Or the address here:

<http://www.psy.fsu.edu/~baumeistertice/goodaboutmen.htm>?

The line itself is unsourced, or at least taken for granted, in the address.

------
mannicken
This is something I was thinking about lately. That competing for being an
alpha male/reproducing is just something society has to have and encourage to
exist. It's like going to high school; it's boring, it's not that much fun but
it's one of those things you have to do.

There are three main ways society can encourage reproduction:

1) Fear. Mainly fear of appearing a loser if you don't reproduce/have sex.
Peer-pressure in other words.

2) Positive reinforcement. Making sex more fun: sex-toys, apparel, Viagra,
etc.

3) Eliminate alternatives. Eliminating/making illegal things that are better
than sex/lead to decreased interest in sex -- like drugs that cause pleasure
greater than orgasm.

I was asking myself lately, "Why, stereotypical nerds, being so smart and
intelligent don't have much sex?" And then it hit me: because sex's pleasure
is overstated through propaganda.

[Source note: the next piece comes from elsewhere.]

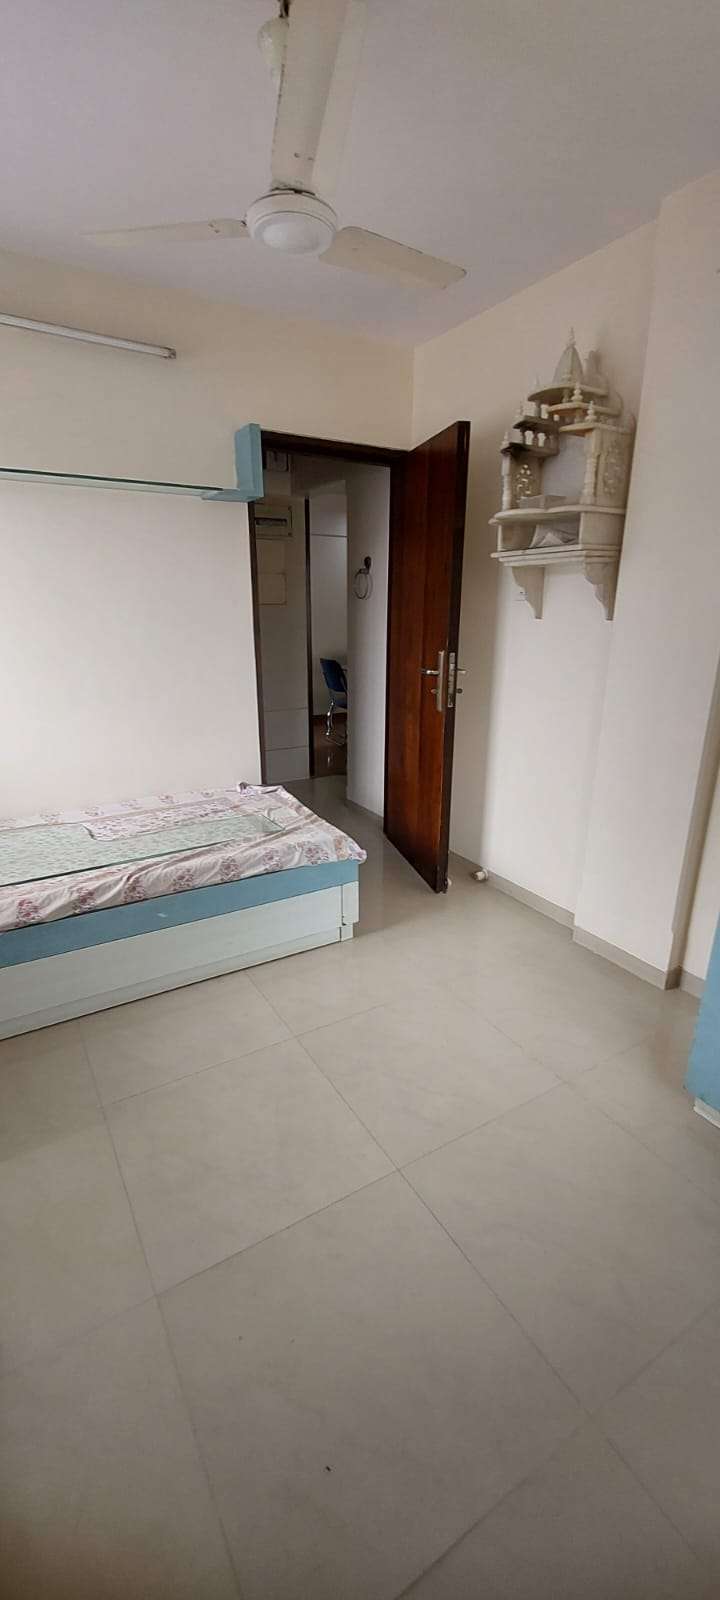 1 Bedroom 470 Sq.Ft. Apartment in Jogeshwari West Mumbai

It's a physical activity that requires
immense effort and concentration, carries a ton of risk, and doesn't offer
enough in return.

You know why dumbest people often have more children? Because to exert so much
effort on so little in return means you have to fall into the traps of
advertisement, or just do it out of culture. If you stop to think what exactly
makes you want sex, you'll probably never stress over having sex again, just
like you don't stress over not drinking beer if everyone's drinking it.

------
andrewcross
This reminds me of when I played the board game "Life" as a kid. I never
wanted the highest salary since you knew people would swap with you if they
could. The trick was to get that $80K salary so you could sneak under the
radar while everyone was trading the $90&100K salaries.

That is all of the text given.